Добавить в цитаты Настройки чтения

Страница 27 из 38

— Что ж, поразмыслим, Вестон, — сказал полковник Джеррис. — В эту неделю труда ухлопано немало. Мы старались и так и этак, и можем сказать со всей ответственностью, что нашего «Старину Дика», буквально, в ступе не истолчешь. Стоит упасть на почву мельчайшей частице, листу ли, ветви — и растение возродится, рано или поздно. Огонь? Да он его запросто тушит. Дусты и гербициды? Он даже не догадывается, что их надо бояться.

Единственное, чем мы его накрыли, это старый верный бетон. И накат не тоньше, чем у вас на НП. Разумеется, мы с вами были достаточно предусмотрительны и не «укатали» всех зарослей. Ведь я навел справки — ни о чем подобном нигде не писалось, наш с вами приоритет — вне сомнений...

Наш с вами. Ну, разумеется.

— Однако мы с вами не будем торопиться с опубликованием всех этих... гм... любопытных сведений. Чудо, как говорят, длится только девять дней... К тому же, есть и другая причина.

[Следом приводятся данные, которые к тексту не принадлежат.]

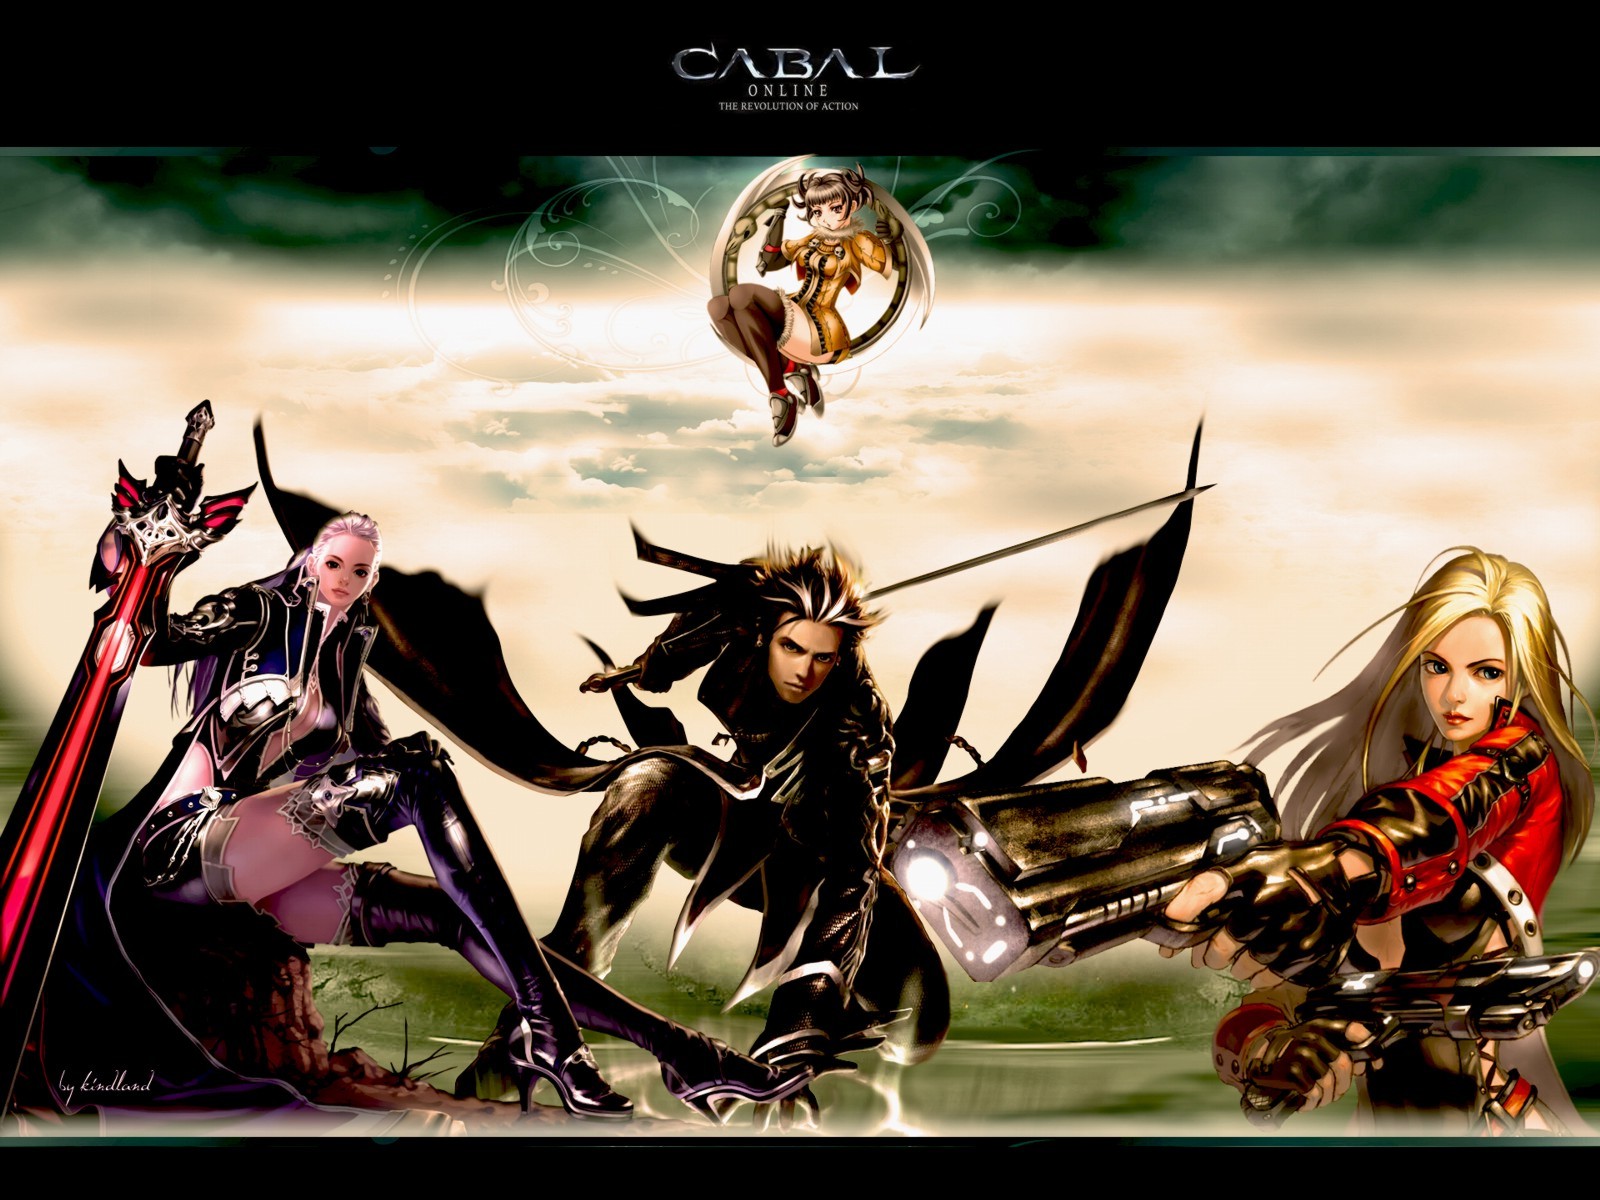 video game, cabal online

Вы никогда не задумывались о практических возможностях «Старины Дика»?

Ага, вот для чего он столько времени пережевывал уже известные вещи. Послушаем. Кажется, старик нынче особенно в ударе. Красноречив, как Демосфен с камешками во рту.

— Я говорю с вами, как солдат с солдатом, Гордон. Вы знаете, я немножко теоретик и люблю смотреть вперед. Профессор Буоскарен — мой любимый автор, кстати, обязательно прочтите его «Руководство к антикоммунистическому действию», как-то сказал: «Нашей целью может быть только поражение советской империи и международного коммунистического движения». Эти слова запали вот сюда, мой мальчик!

Широкий хлопок по широкой солдатской груди. Что же дальше?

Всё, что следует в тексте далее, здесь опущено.